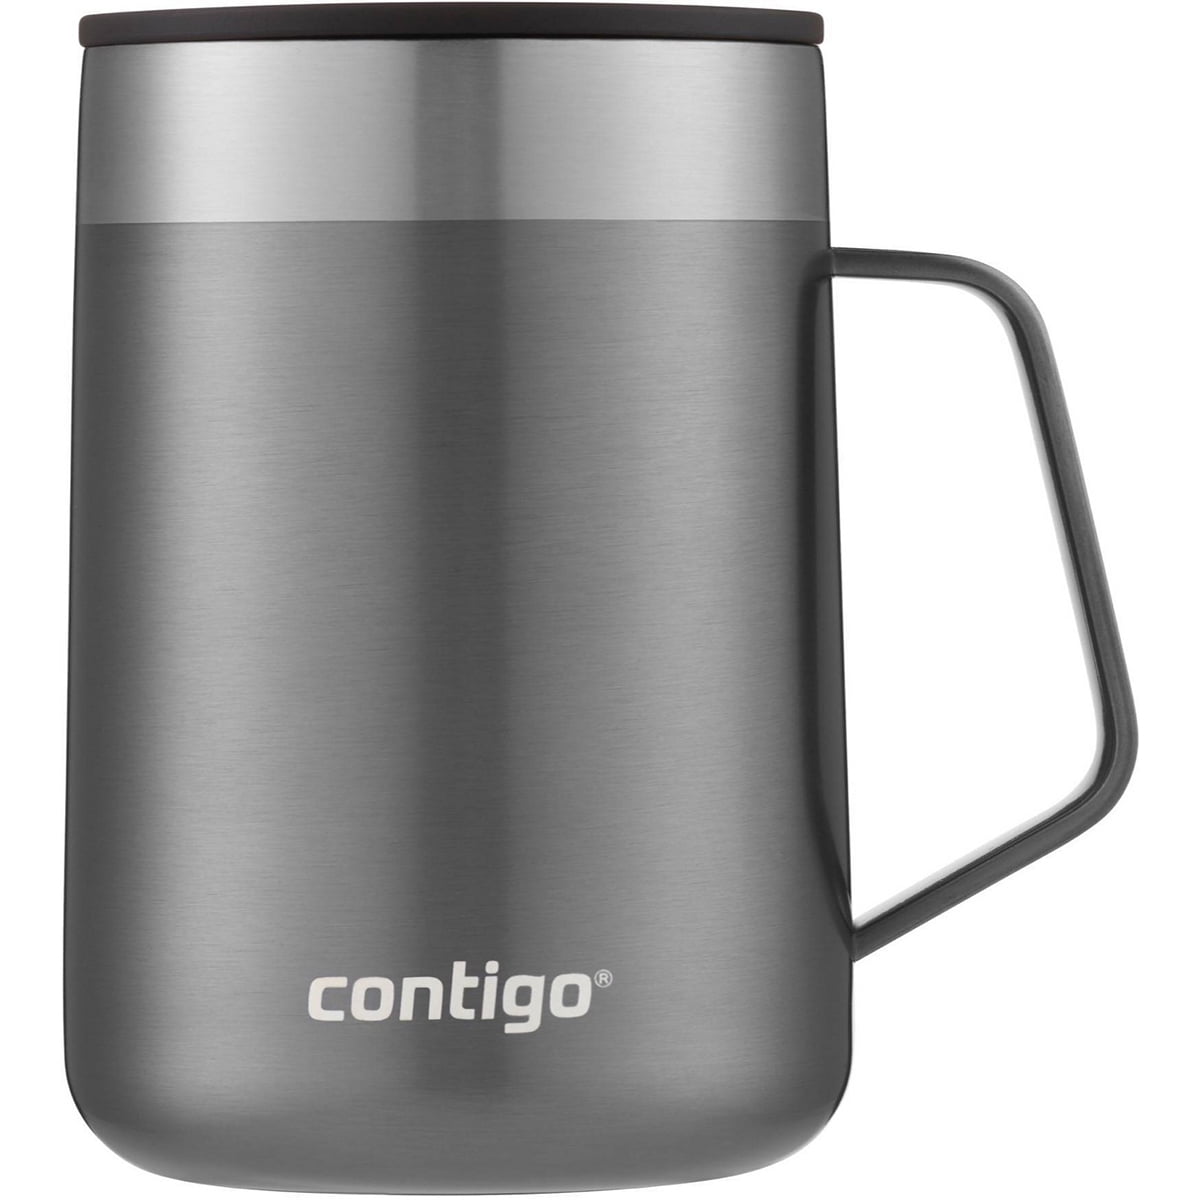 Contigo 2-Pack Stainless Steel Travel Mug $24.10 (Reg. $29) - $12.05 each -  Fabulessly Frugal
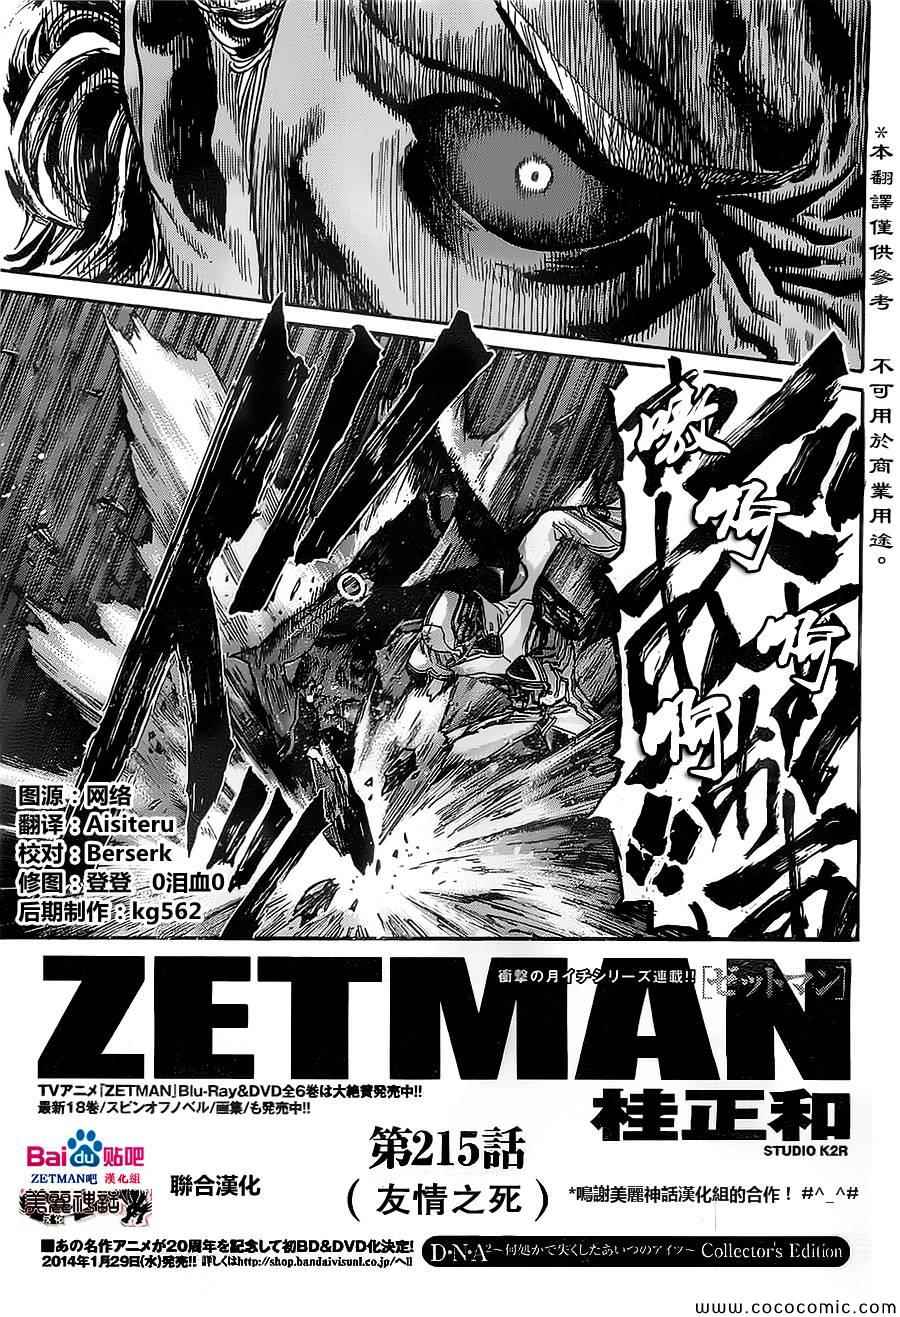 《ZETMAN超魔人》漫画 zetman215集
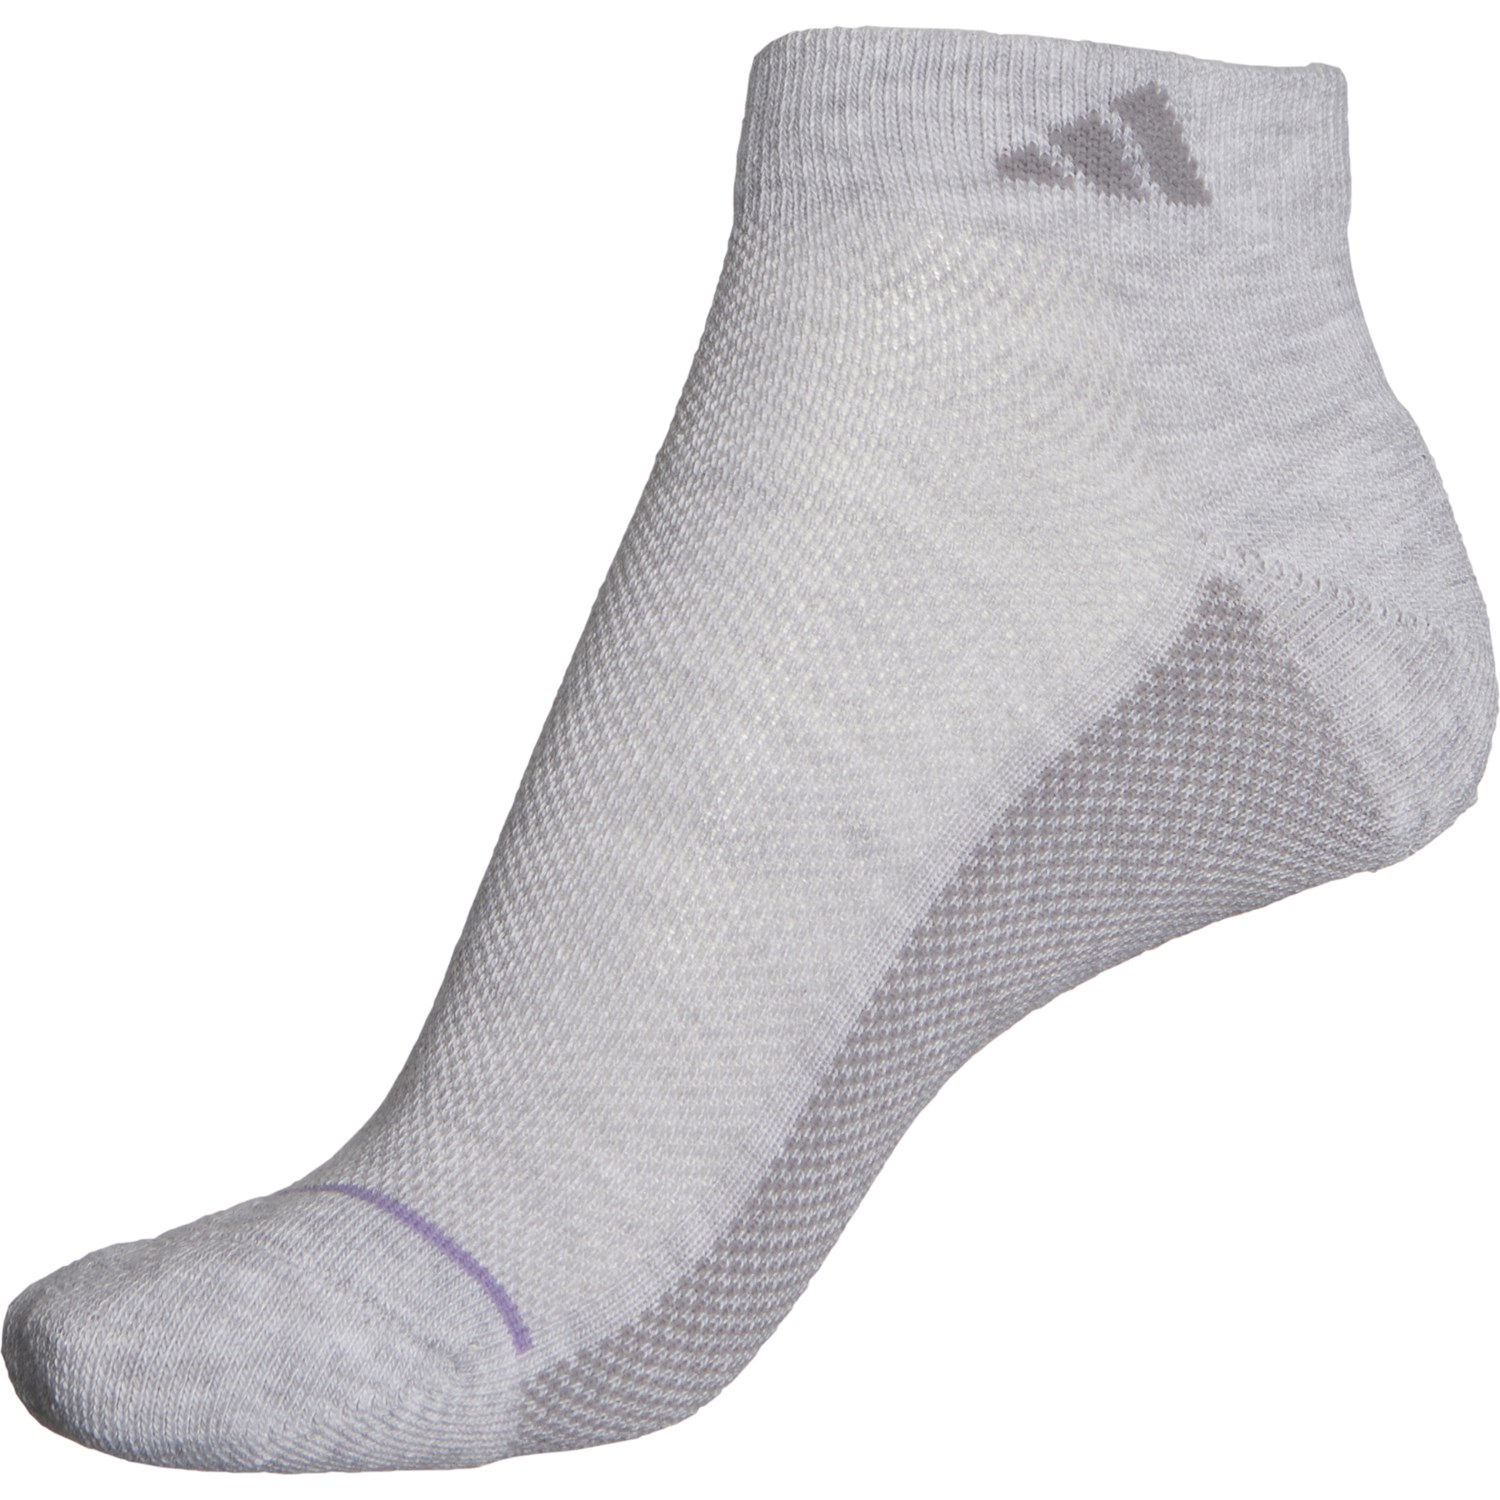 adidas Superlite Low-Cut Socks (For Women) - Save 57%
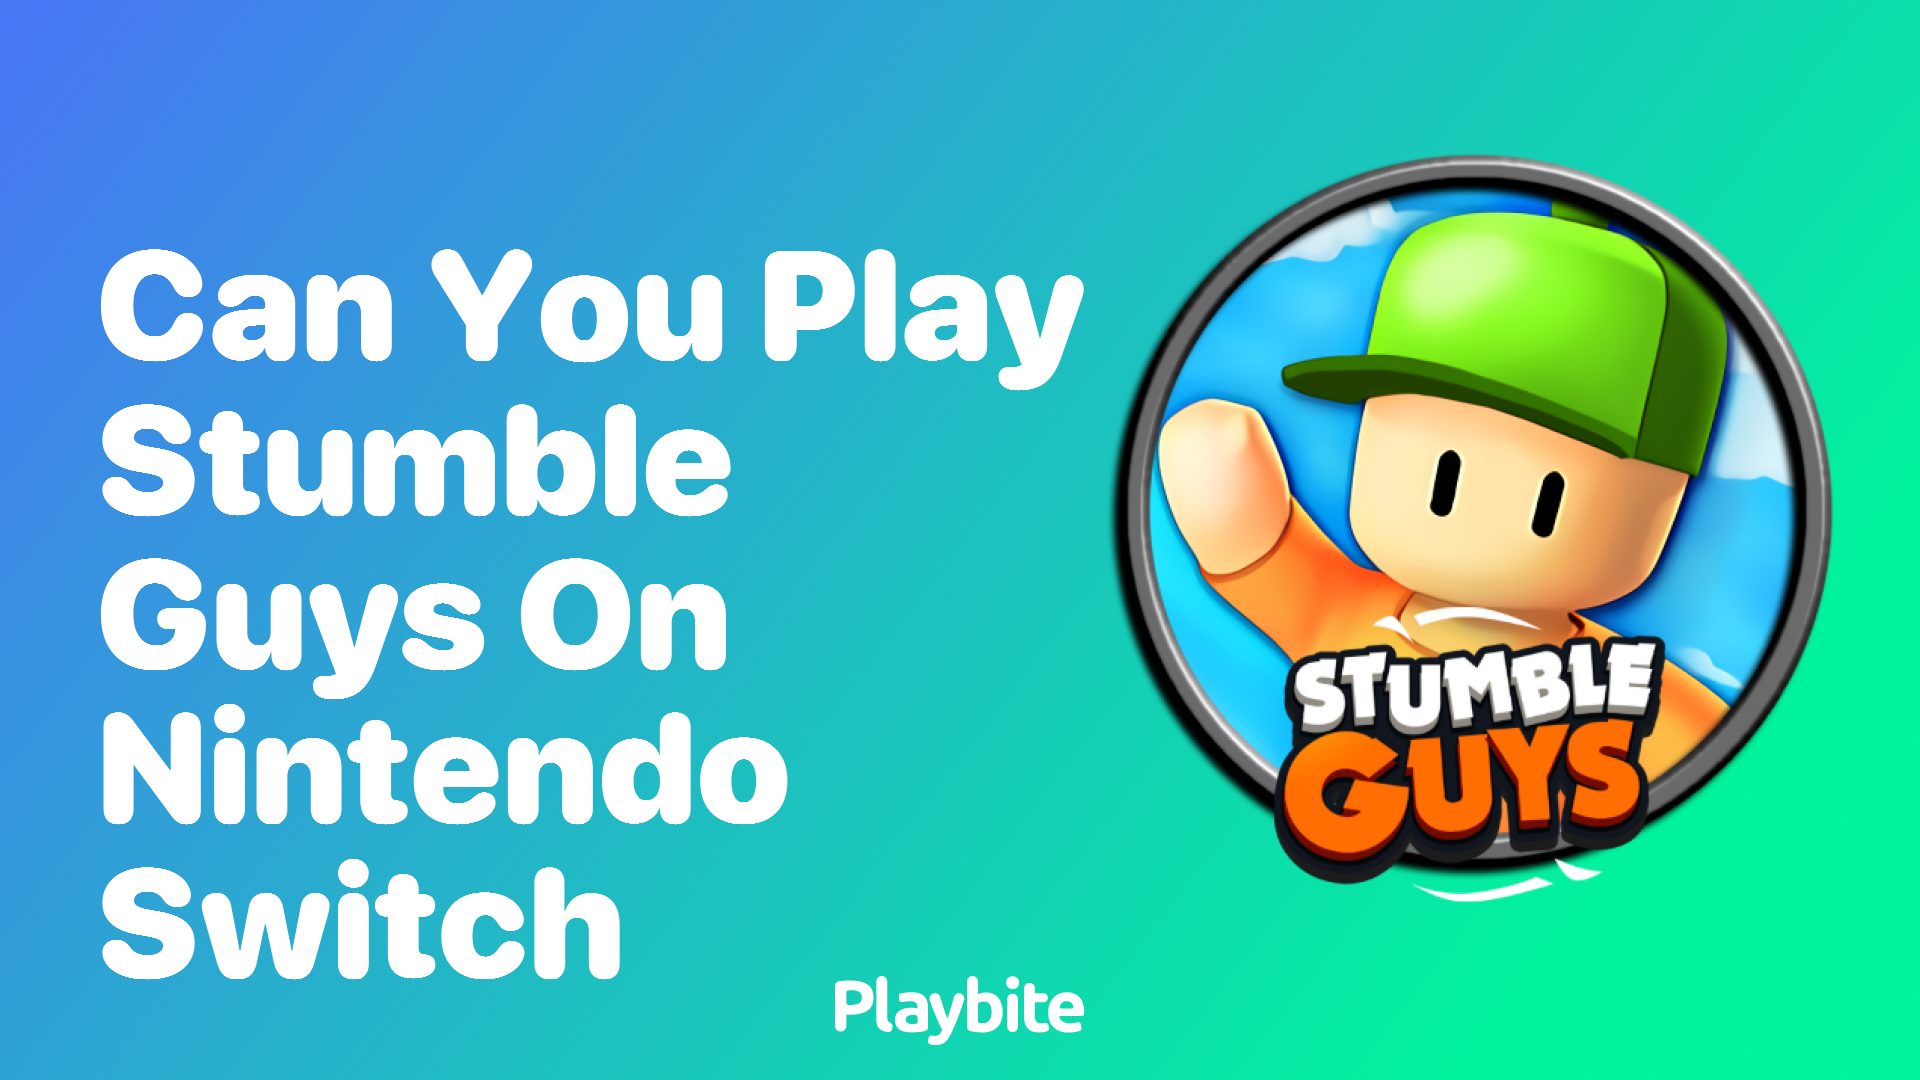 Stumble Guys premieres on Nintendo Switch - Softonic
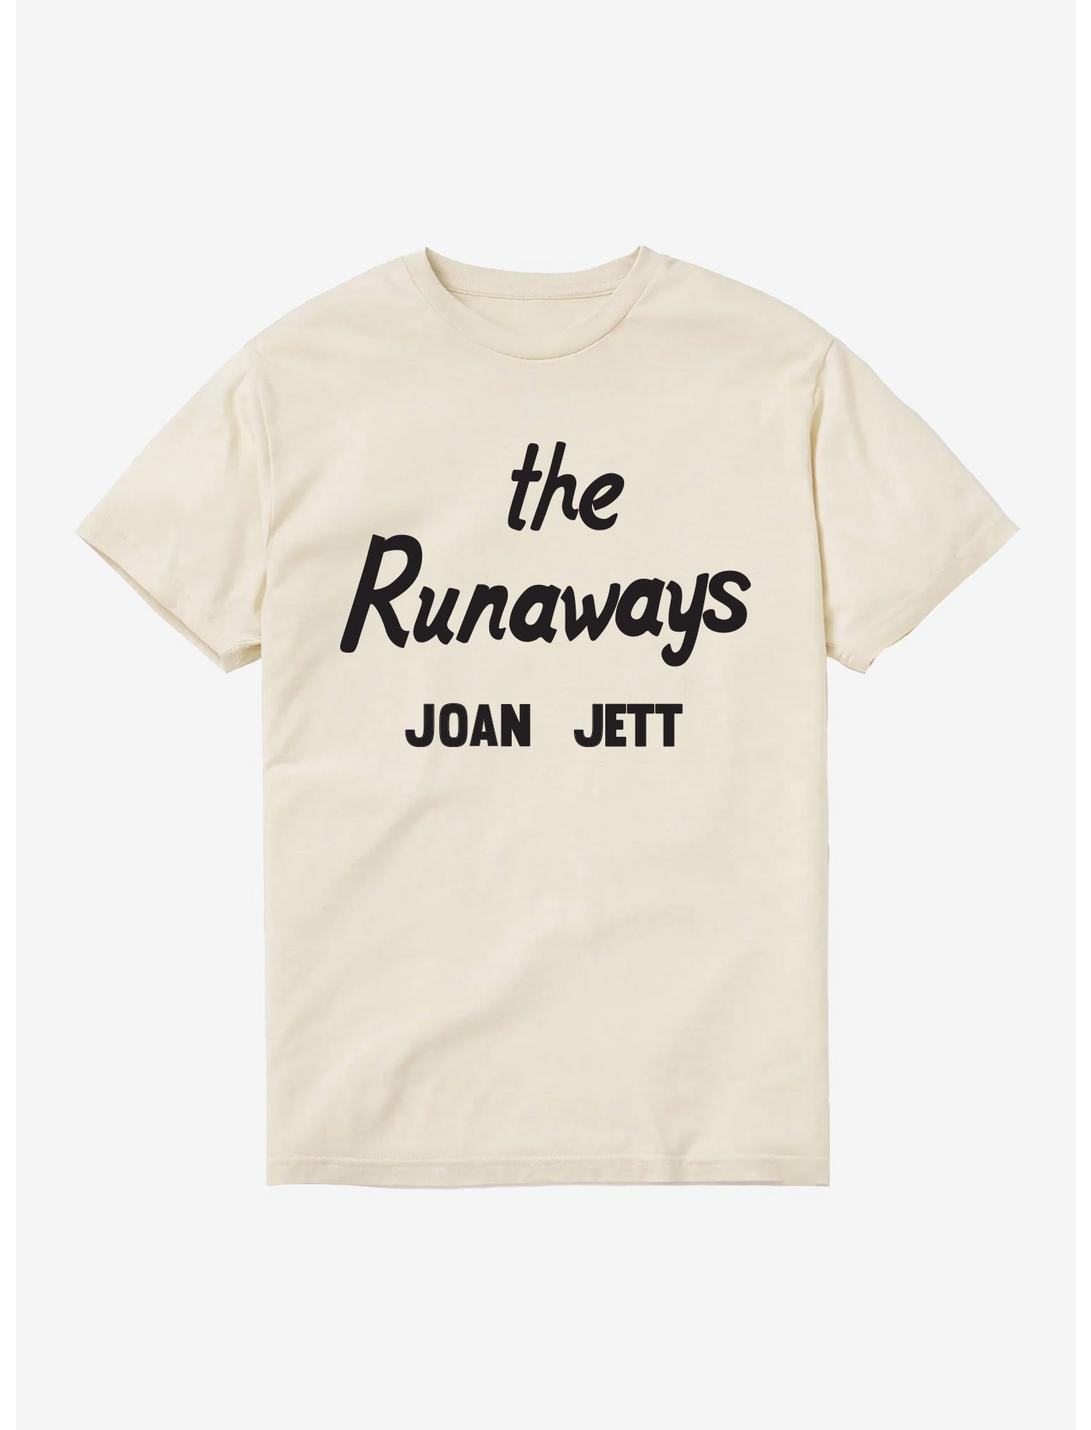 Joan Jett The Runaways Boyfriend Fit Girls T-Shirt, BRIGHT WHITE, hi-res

What is being asked: Transcribe all of the material exactly and leave out its pictures.

Your solution:
 Contigo 2-Pack Stainless Steel Travel Mug $24.10 (Reg. $29) - $12.05 each -  Fabulessly Frugal
 《ZETMAN超魔人》漫画 zetman215集
 adidas Superlite Low-Cut Socks (For Women) - Save 57%
 Stumble Guys premieres on Nintendo Switch - Softonic
 Joan Jett The Runaways Boyfriend Fit Girls T-Shirt, BRIGHT WHITE, hi-res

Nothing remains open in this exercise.